20 июня была «Галерея», осуществлённая новыми сторонниками. Если Оскар предоставлял физическую силу и послушное повторение заготовленных реплик, Зейд Уистлер сумел перепрограммировать стены в школьной игровой зоне. «Страшный суд» Босха, «Марионетка» Гойи, «Апофеоз войны» Верещагина, «Притча о слепых» Брейгеля Старшего, «Предчувствие гражданской войны» Дали и «Крик» Мунка медленно двигались по кругу. Панели быстро отключили, но большая перемена была испорчена. И опять камиллы были обмануты из-за своего непонимания нюансов: картины же! Шедевры!
В каждой шутке бунтарей содержалось нечто пугающее — как будто им непременно требовался страх или отвращение. Или они добивались того, чтобы им поставили диагноз — и оставили, наконец, в покое?
Школьные психологи с воспитателями ничего не могли поделать, и об глухую стену, выставляемую Фьюром и Тьюром, разбивались любые слова. Причём у каждого «завербованного» формировалась похожая защита. Можно было представить, какие усилия прилагала Леди Кетаки, чтобы отложить комиссию! Ребят вполне могли отправить в специализированную клинику на «Дхавале», где пытались исцелить (а заодно изучить) тех, чья психика особенно пострадала из-за восстания «бэшек». Правда, я не слышал об «эпидемии бунта среди подростков». Но тем ценнее будут такие пациенты.
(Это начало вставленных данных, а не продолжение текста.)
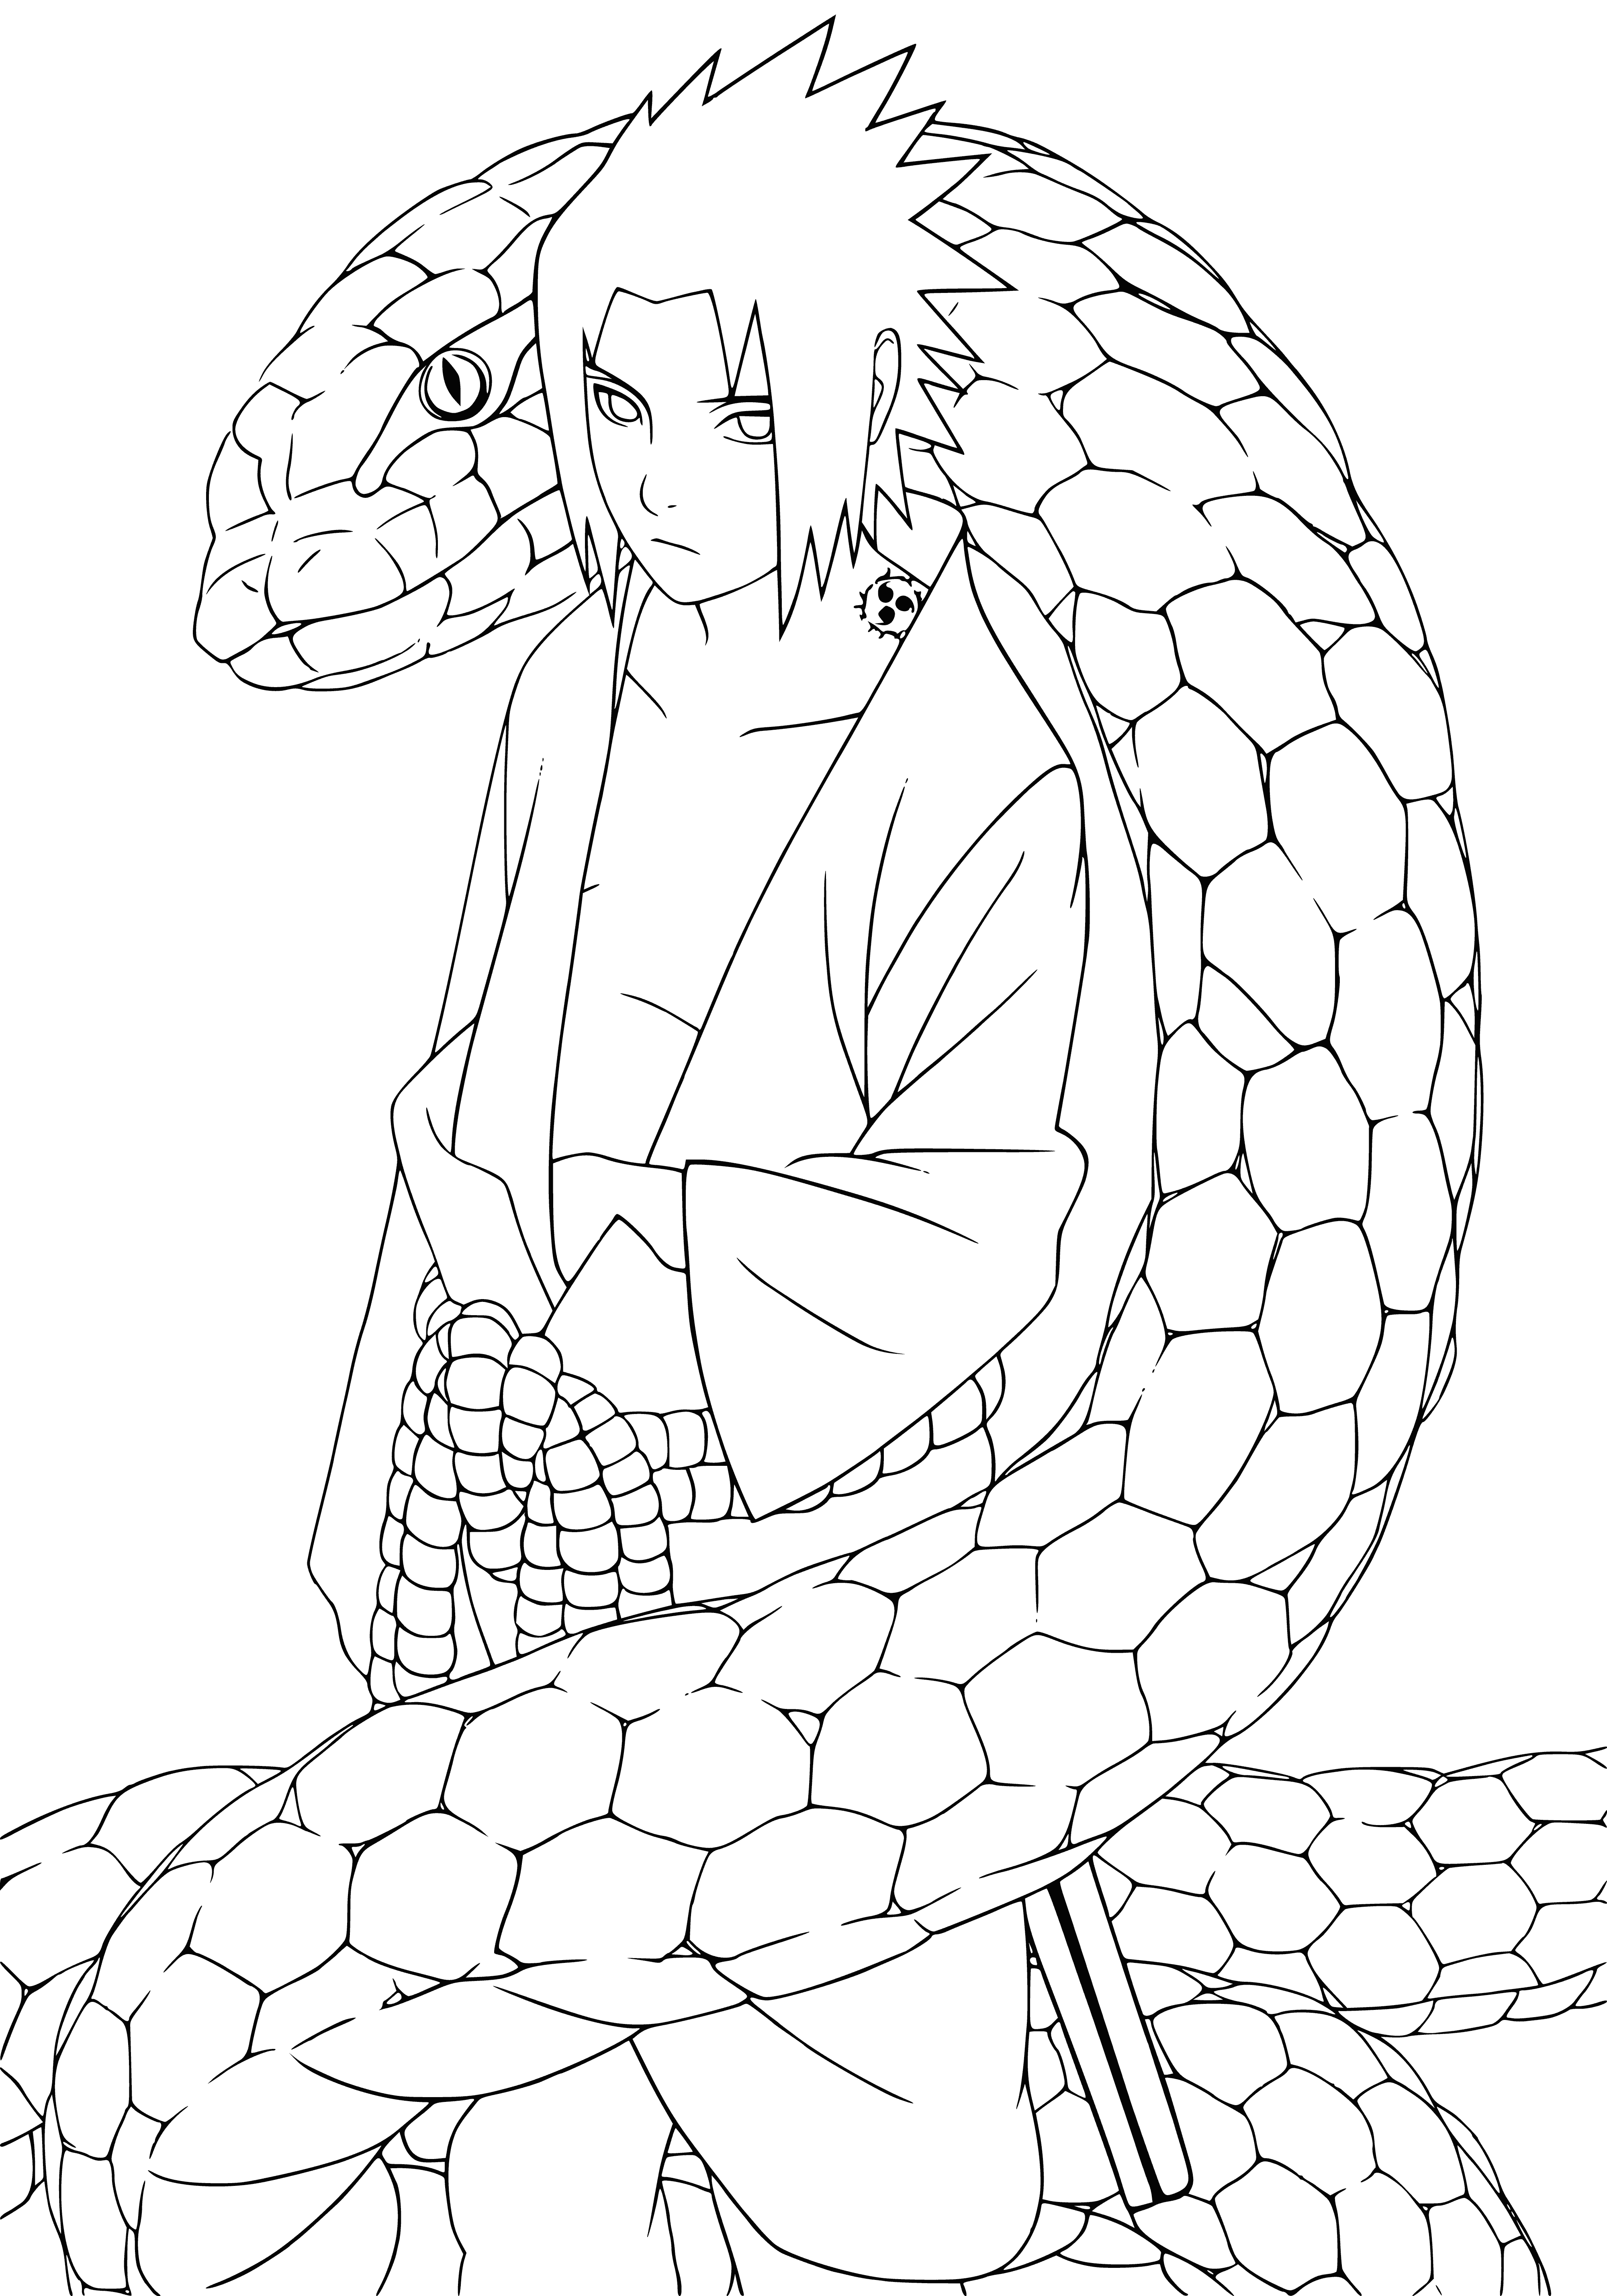 coloring page: Sasuke is a young man w/ dark hair & eyes wearing a blue & white Uchiha clan uniform. Carrying a sword & scroll.
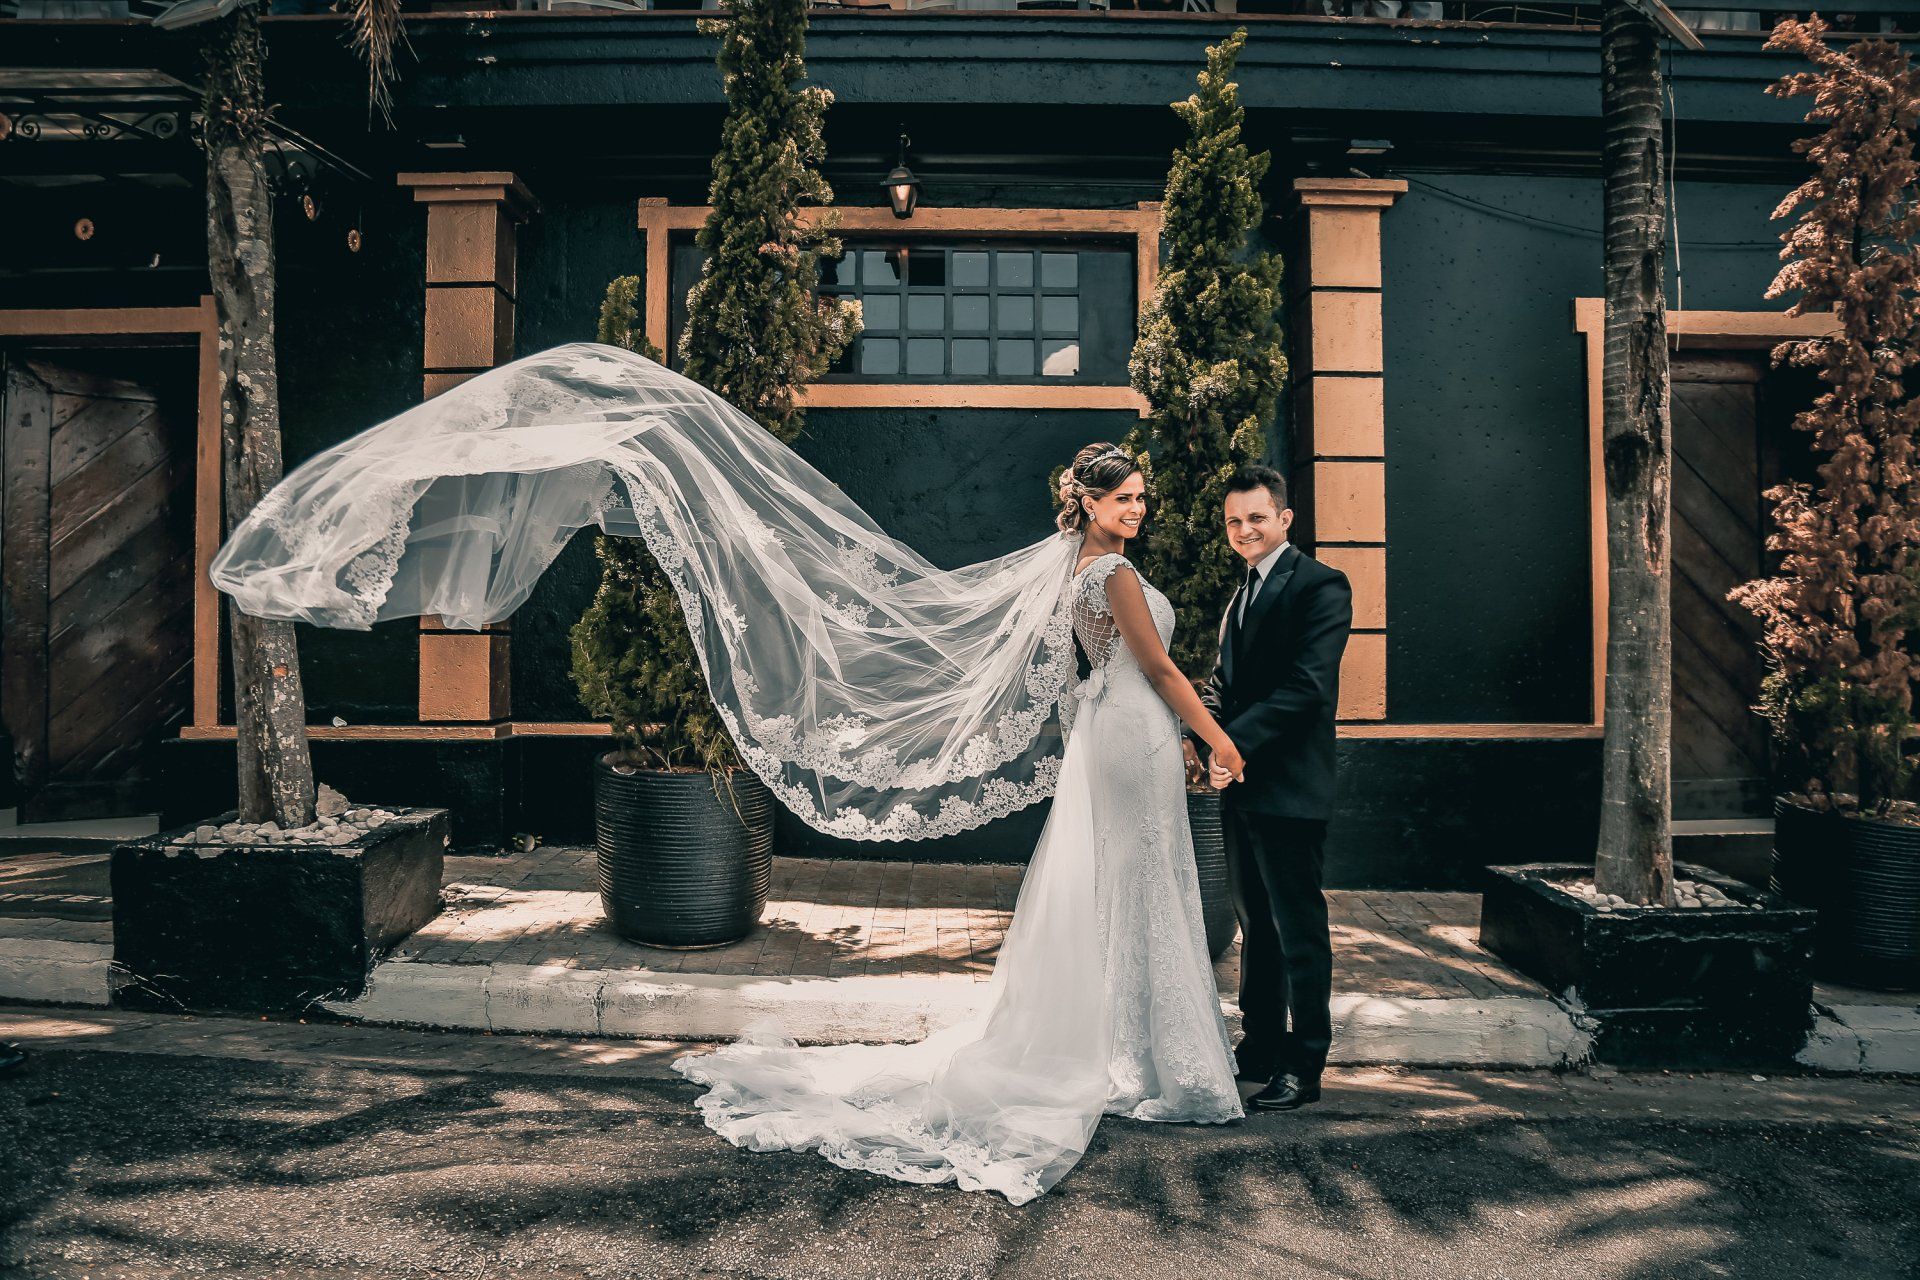 tips and ticks: the happy couple taking amazing photos

Если же отрешиться от моральной оценки и вкладываемого смысла, каждая акция выглядела маленьким шедевром. Например, в июле, пока ребятам окончательно не перекрыли доступ к оборудованию клубов, они загрузили в демонстрационные мониторы два вида «презентаций» — а потом развесили их в санитарных комнатах школы. Поводом стал индивидуальный проект Полины Блумквист. Правда, индивидуальные проекты готовились в январе-феврале, но Полина начала заранее. А друзья помогли.